Nail:  Actually, animate dead is clearly more powerful than summon monster IV already.  And create undead - at caster level 11, anyway - is far worse than summon monster VI.  I understand your point, but I think those don't seem to make a good comparison.  (Unless, again, animate dead could only create CR 1/2 or 1/3 creatures - which we're all agreeing is not a limitation of the spell.)

Set:  I agree in principle, but again:  if you created an tremendous number of ghouls when you're level 11, does that really matter?  They're CR 1 creatures.  I mean, it could make a difference in the "world" at large, sure - but so could several rampaging fireballs cast by a rogue mage.  Most town guards could probably even group up and take them out (especially elven ones).  I still challenge the notion that a horde of CR 1 ghouls could do more damage to the "world" than tons of other 6th level spells.

Once you start talking about mummies and shadows and things, then yes:  the picture changes slightly.  But only slightly.  As-listed, those are still only available at level 15+...  And again, I'm sure if you fired off an 8th level spell in every town you passed through, you'd make as much of a difference in the world as a bunch of shadows.


I guess what I'm saying is that I'm still just not seeing it.    Either animate dead is overpowered, or create undead is underpowered.  But their power level just doesn't seem to stack up - at least not with create undead being 2 spell levels higher.


----------



## Stratovarius (Jan 3, 2008)

One change I've played around with is moving Create Undead down to a level 2 spell (Wizard), and simply not allowing those killed by Ghouls or Shadows to rise again. It is necessary to be careful, as Shadows especially can cause havoc with their DR, but this is true of many incorporeal undead throughout their existence. Most monsters have a hell of a time getting access to magic weapons. The CR of the monsters is lower than that of the Skeletons/Zombies. Further play-testing is needed though to determine how well it works in a longer campaign. Oh, and the undead are controlled in the same manner and the same cap as Animating.


----------



## Shin Okada (Jan 3, 2008)

Think like this. Create Undead and Create Greater Undead are NOT the higher-level version of Animate Dead spell. The purpose is completely different.

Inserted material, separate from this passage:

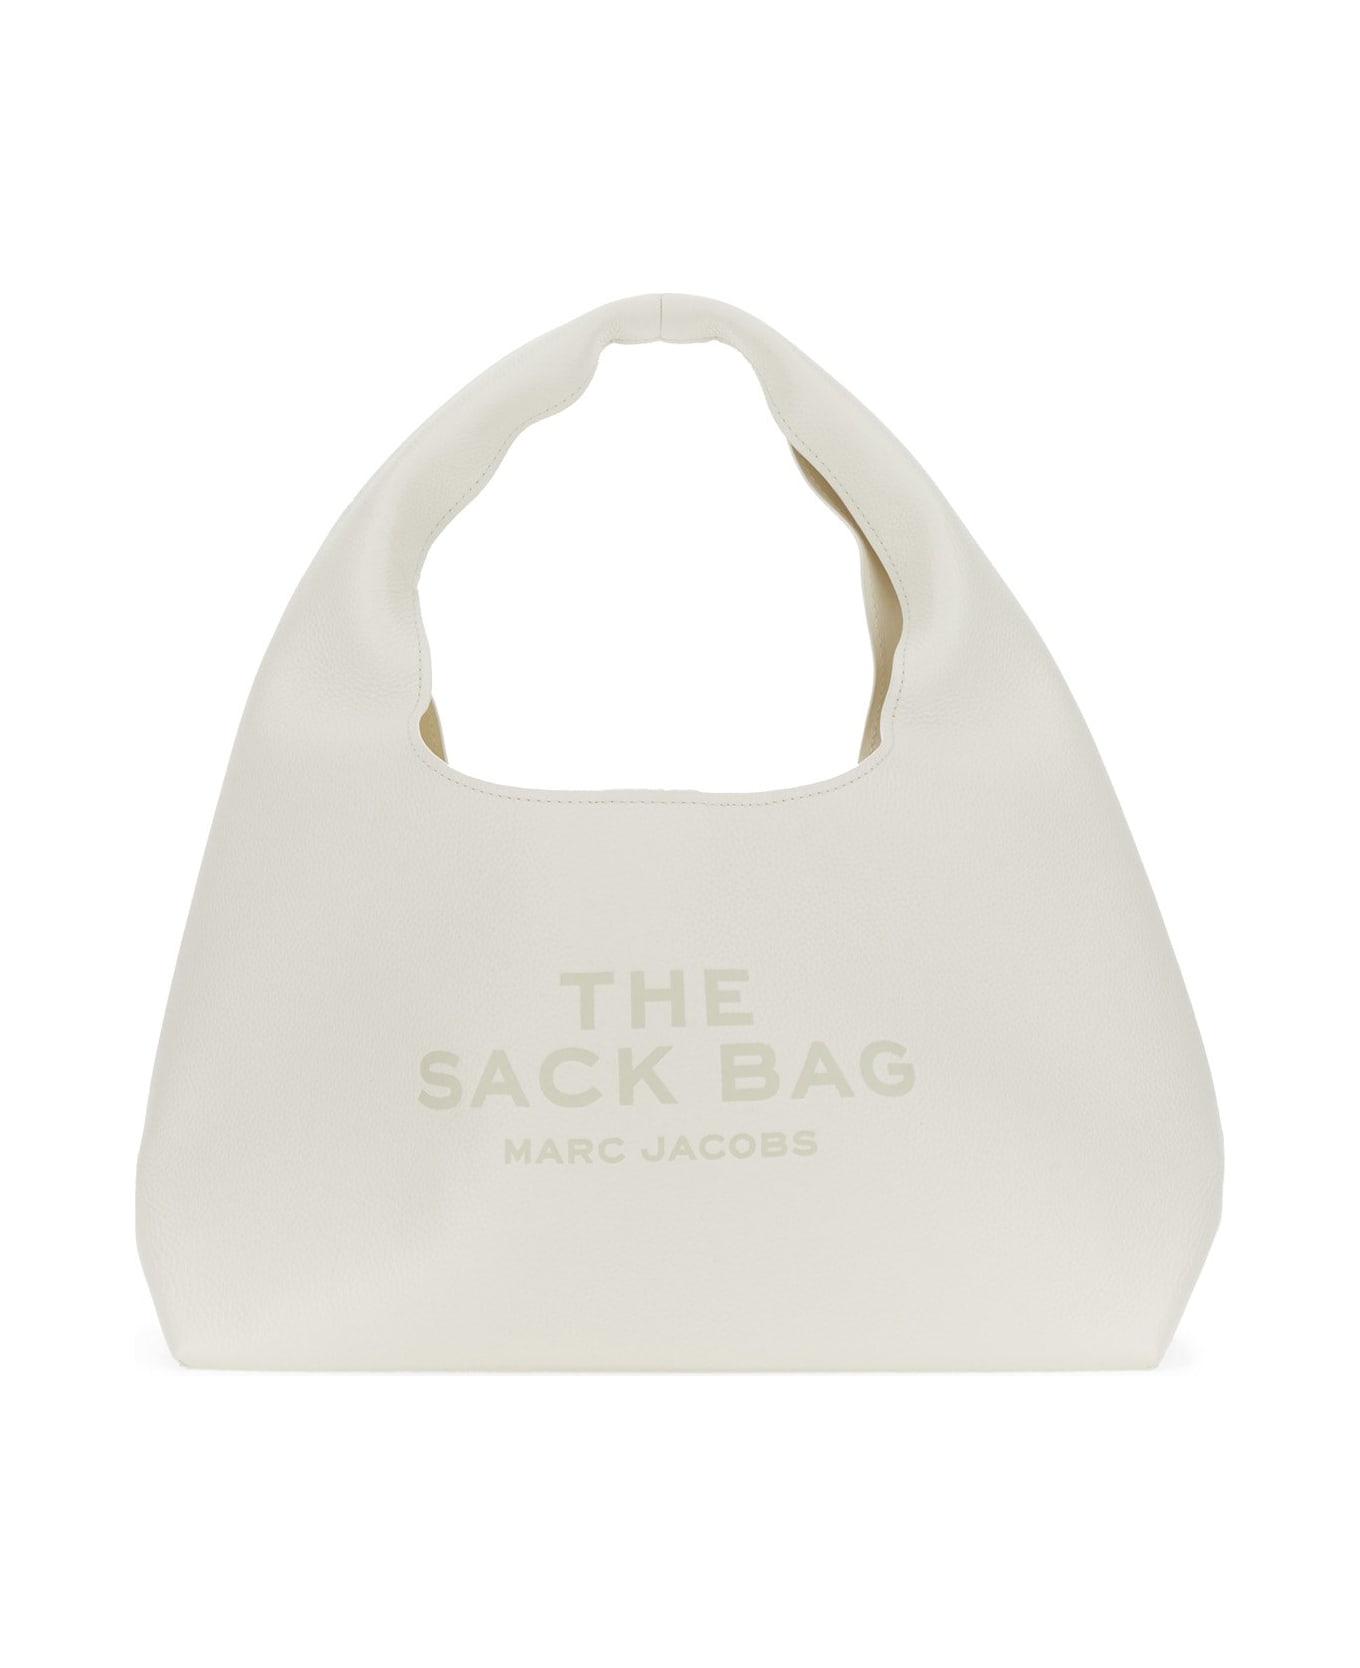 Marc Jacobs The Sack Bag - White トートバッグ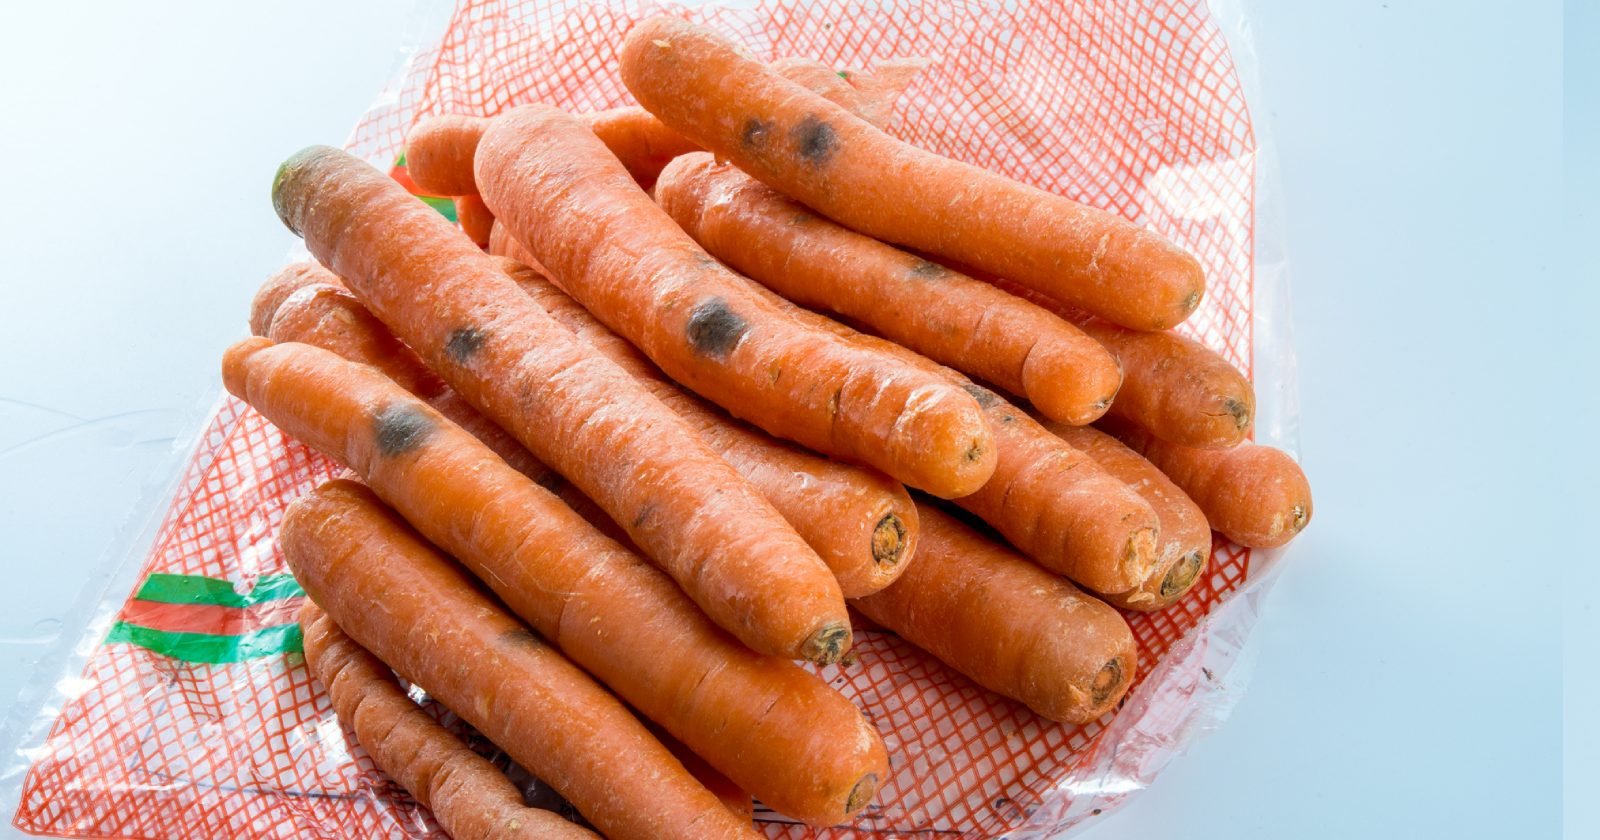 what-is-the-white-stuff-on-carrots

Animate Dead create mindless undead monsters, though very powerful, can understand and continue only very simple commands. So, it is good to create your bodyguard or your castle's guard.

On the other hand, Create Undead and Create Greater Undead creates monsters which think by themselves. And they are NOT UNDER YOUR CONTROL. So, those spells are, basically, not for making your mindless minion soldiers. Those spells are either used for releasing menace and chaos to the world, or to create trustworthy lieutenant from the dead body of previously royal person.

Or, to create your own friend. The eternal life of an undead could be boring and lonely.


----------



## evilbob (Jan 4, 2008)

True:  this spell makes some sense if you think about it in the pure "evil" respect of "you are bringing more evil into the world - forever."  Creating an evil thing that will not die on its own and can create more of itself by killing is certainly horrid and in some ways powerful; it's also a good way to explain why undead exist in the first place!  

I'm also thinking these spells might warrant house-ruled versions that are lower level and have the caveat that the undead you create cannot propagate.


----------



## irdeggman (Jan 4, 2008)

evilbob said:
			
		

> I'm also thinking these spells might warrant house-ruled versions that are lower level and have the caveat that the undead you create cannot propagate.




Or introduce them as the result of "spell research", no need for a house-rule change since you are in essence creating "new" spells.  Once introduced as a result of spell research they can pop up in spell books and scrolls for others to "learn".


----------



## Storme (Jan 10, 2008)

The limitation of these two spells as compared to Animate Dead are duration.

Create Undead gives you NO control over the undead you create and it will attack you.  I find the spell pretty useless myself, and it's high on my "Don't Bother" List.  Control and Command Undead controls undead you encounter or create for a limited duration.

Animate Dead is a poor man's simulacrum.  These are under your control forever unless you go over your limit of 4HD per level (or 40 HD for a level 10).  Ghoul Gauntlet creates Ghouls permanently under your control and so its much better for the most part.

Necromancers are wimps.  If you can afford the xp loss, go with Simulacrums.  I like to make simulacrums of party members I meet and alter their appearance, and make them servants in my castle.  Best sims are dragons (metal dragons are the best since they can change self and turn into a hawk to pose as your familiar, and sit on your shoulder while you enter the inn...oh look...that guy has a 15 HD, fire breathing, spell slinging, SR, DR, and frightful presnes having...owl!!!), and outsiders (who's spell-like abilities are not HD based).  Trouble is getting a sample from a Pit Fiend, Balor or an Ancient Gold Dragon...cough.  Best sim, bar none, is an ethereal doppleganger!  Have him turn into a mosquito (the most stealthful beings in the universe) and sit on the back of the party's arch nemesis over night.  Hehehe.  Mwaaahahaha!

Oh, and get a Mirror of Life Trapping to Store your undead and simulacrums in!  

"CELL NUMBER 9!  GO GET EM!"


----------



## eamon (Jan 10, 2008)

I don't see a problem with the spells.  They don't do what you want them too; so a new spell via spell research is probably a good idea.  However, creating intelligent undead (which in turn can create more) is potentially vastly more powerful than merely animating a skeleton.  Also; don't forget that to make a powerful skeleton, you need a high-HD source body, which isn't trivially available.  You just need a body for create undead.

Control undead is vastly better simply because of it's higher level, it's success regardless of opposed charisma checks and it's more powerful effect.  Sure, it's not the same as command undead, but it's not bad.  The fact that you can control multiple undead with one casting is also potentially a "free" quicken...  You could for instance control a high-level lich and his vampire, and have them sit around until command undead works; whereas vice-versa is not possible.

The spells are fine as is.

If you want an improved "animate dead"  then I suggest reviewing the various MM's to select more powerful mindless (or at the very least, stupid and not self-creating undead) undead and make a spell which requires a powerful body, but creates powerful minions.  Create Undead is something else.


----------